Back to the point.  I like the idea of mystery, I like the discovery so having, like others suggested, elements that are not known can work.  In my story I have done something similar, not so much because I am worried about the modern day take on the subject but more of a linguistic notion.


----------



## mirrorrorrim (Feb 7, 2012)

sashamerideth said:


> Southern Africa had a completely different theology to judeo-christianity. Set aside your theological bias, study what the prevalent religions in the area at that time actually taught. It may be that the idea of one god and one devil is compltely not in line with what people actually believed.


Quick historical point: Christianity reached Alexandria in the 1st Century A. D., and became the official religion of Ethiopia in the 4th Century A. D. It is very likely that it would have spread in some form to more southern portions of Africa, especially given that Christianity is an intrinsically evangelic religion.

While the conquest of parts of Africa by Islamic rulers at the end of the 7th Century certainly diminished the influence of Christianity for a couple hundred years, there is evidence that it may have continued to exist in Africa in some form until it was reintroduced by European maritime powers. Today, it is one of the most common religious affiliations for Africans, and it is still growing rapidly.

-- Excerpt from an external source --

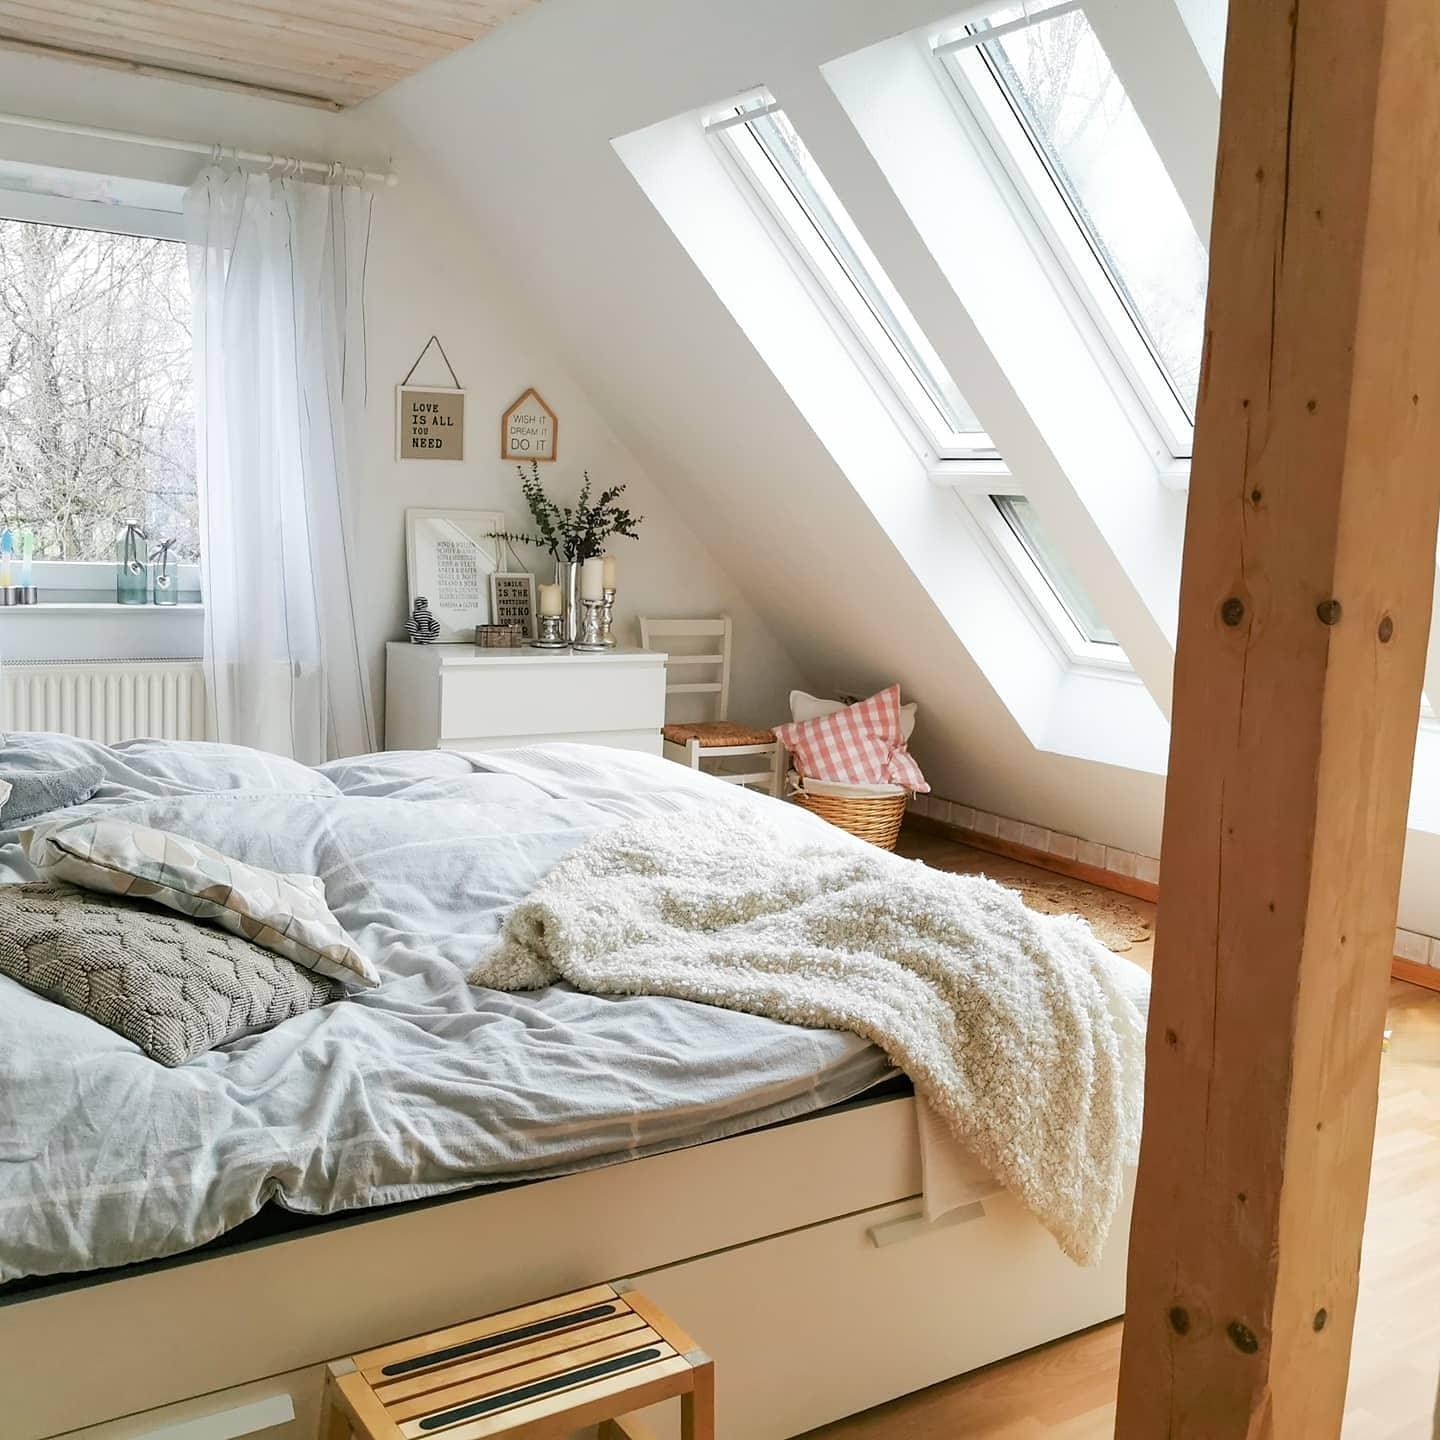 Hell und luftig trifft weiß auf Holz. #bedroom #schlafzimmer #dachfenster #couchliebt #dachgeschoss #holzbalken 
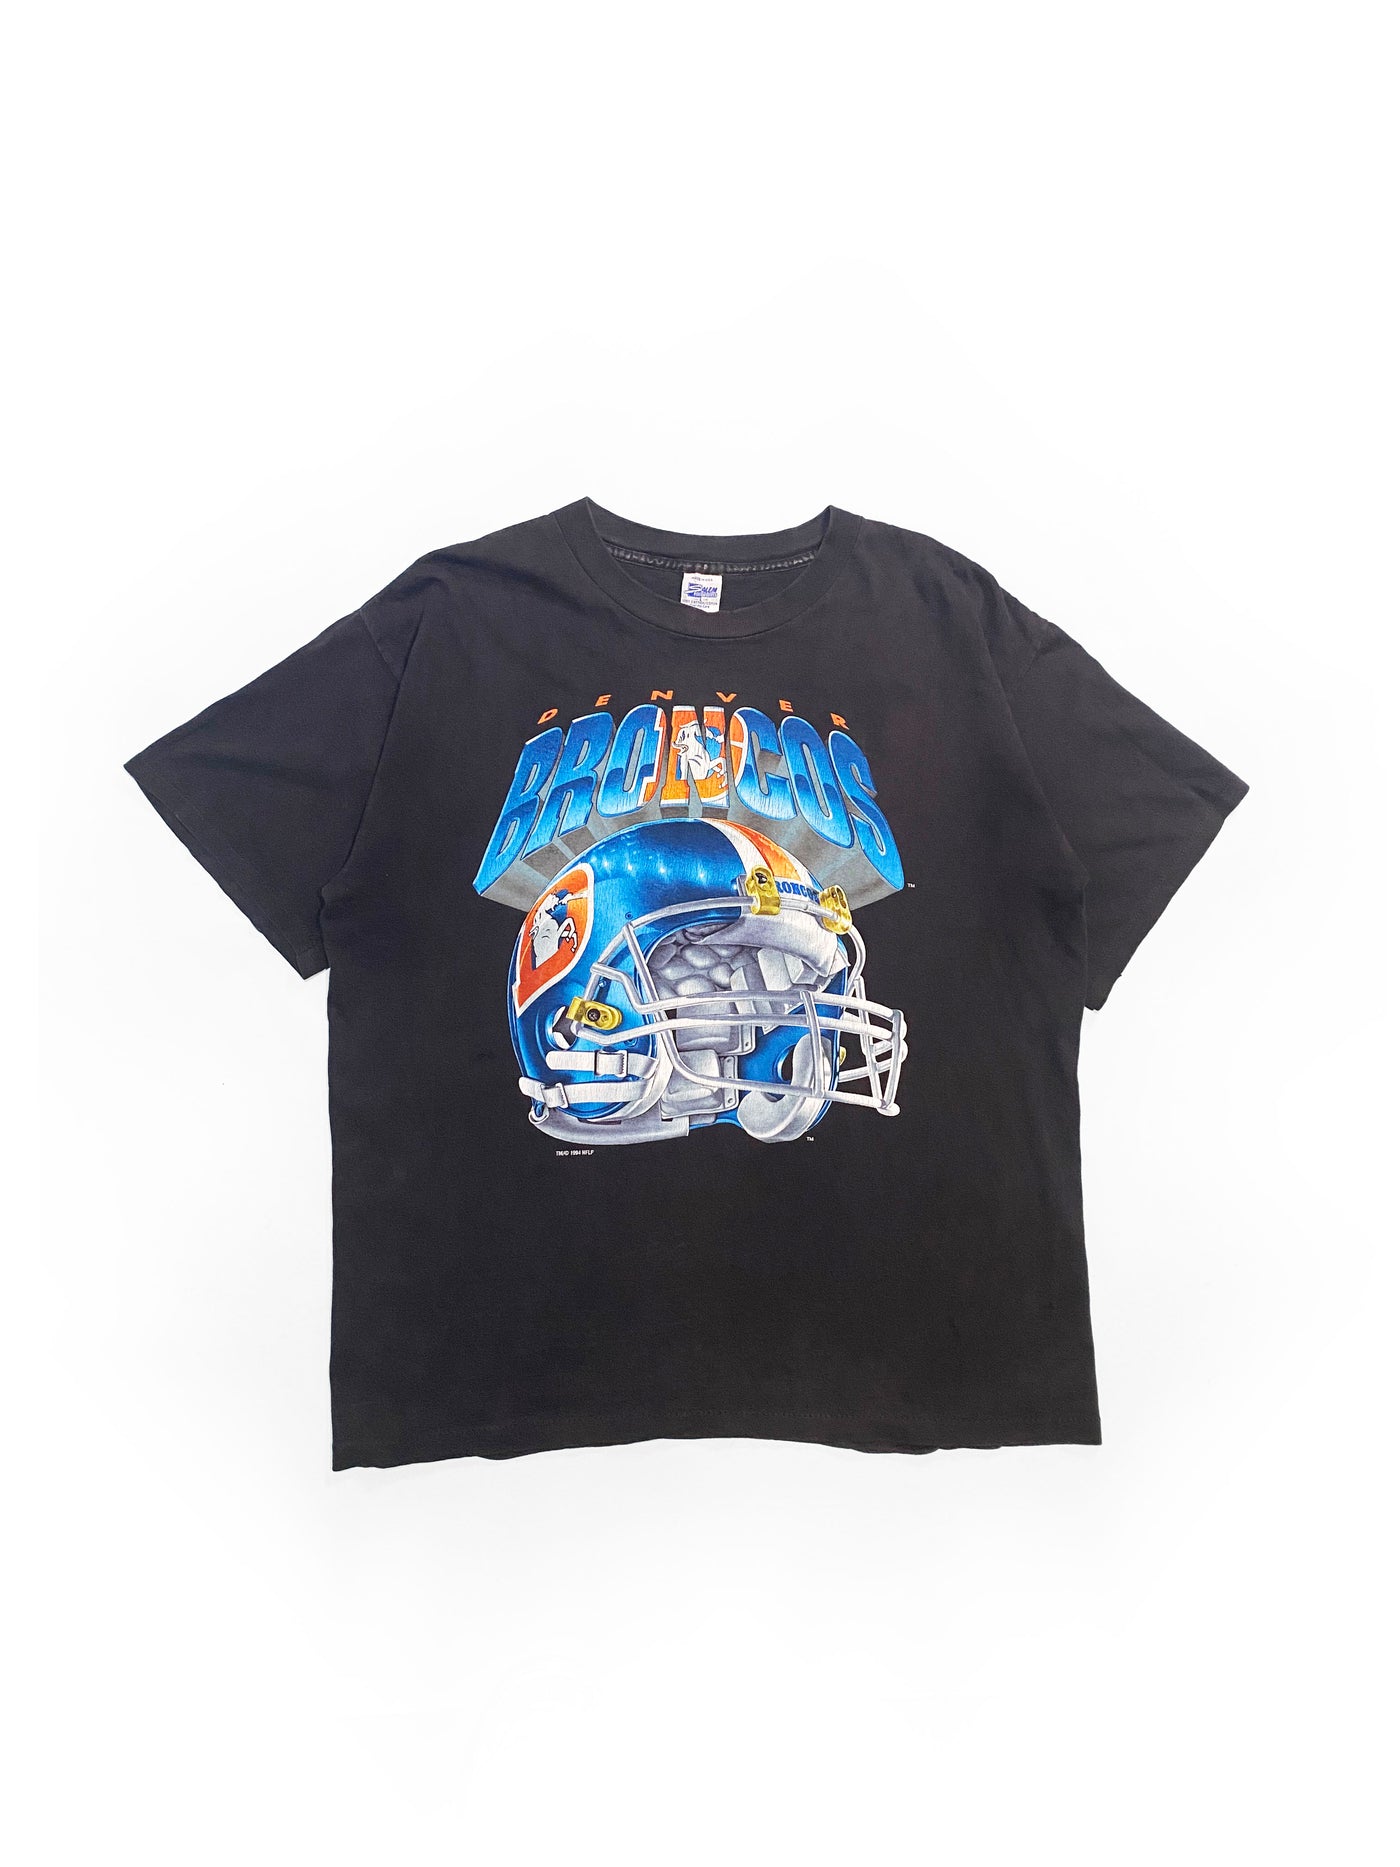 Vintage 1994 Denver Broncos T-Shirt

Also, there have been distinctively unique African branches of Christianity. Her name escapes me at present, but there was even a popular African prophet who taught that Jesus was an African, among other things.


----------



## Gwynneth White (Feb 7, 2012)

The Phoenicians were the first to circumnavigate Africa - regardless of what we in South Africa are taught about old Vasco de Gama. Herodotus reports that they were sent by the Egyptian King Necho II in about 595BC. There is a huge amount of evidence found in ruins in both SA and Mozambique - Phoenician beadwork particularly. My ancient story open in Southern Africa after the Bar Koba revolt ended in 136AD. i am claiming that Semitic people - part of the diaspora - arrived in southern Africa and lived here until about 980AD. After a war destroyed their world, the survivors returned to Europe. Obviously they had interaction with the Negroid people who arrived in southern Africa in about 750AD. But, although they came from  Judeo/Islamic roots, they wondered from the faith, adopting their own form of pagan religion. But, in my frame of reference, God and the Devil are still around. But to what extent should I impose my frame of reference on my writing? I suppose that is really my question. Do readers want a fantasy that refers to God ad the Devil? I know CS Lewis does it, but I'm not Narnia.


----------



## Darwin (Feb 20, 2012)

Just going along the lines of representative words can work just as well.  Myself, I created a world that had the good and evil dietys, but I didn't want to go with "God" and "Devil".  For me, I called them Order and Chaos.  So using things like that can work and get your point across without delving into the landmines of religion.


----------



## Caged Maiden (Feb 27, 2012)

Avatars would be a simple answer.


----------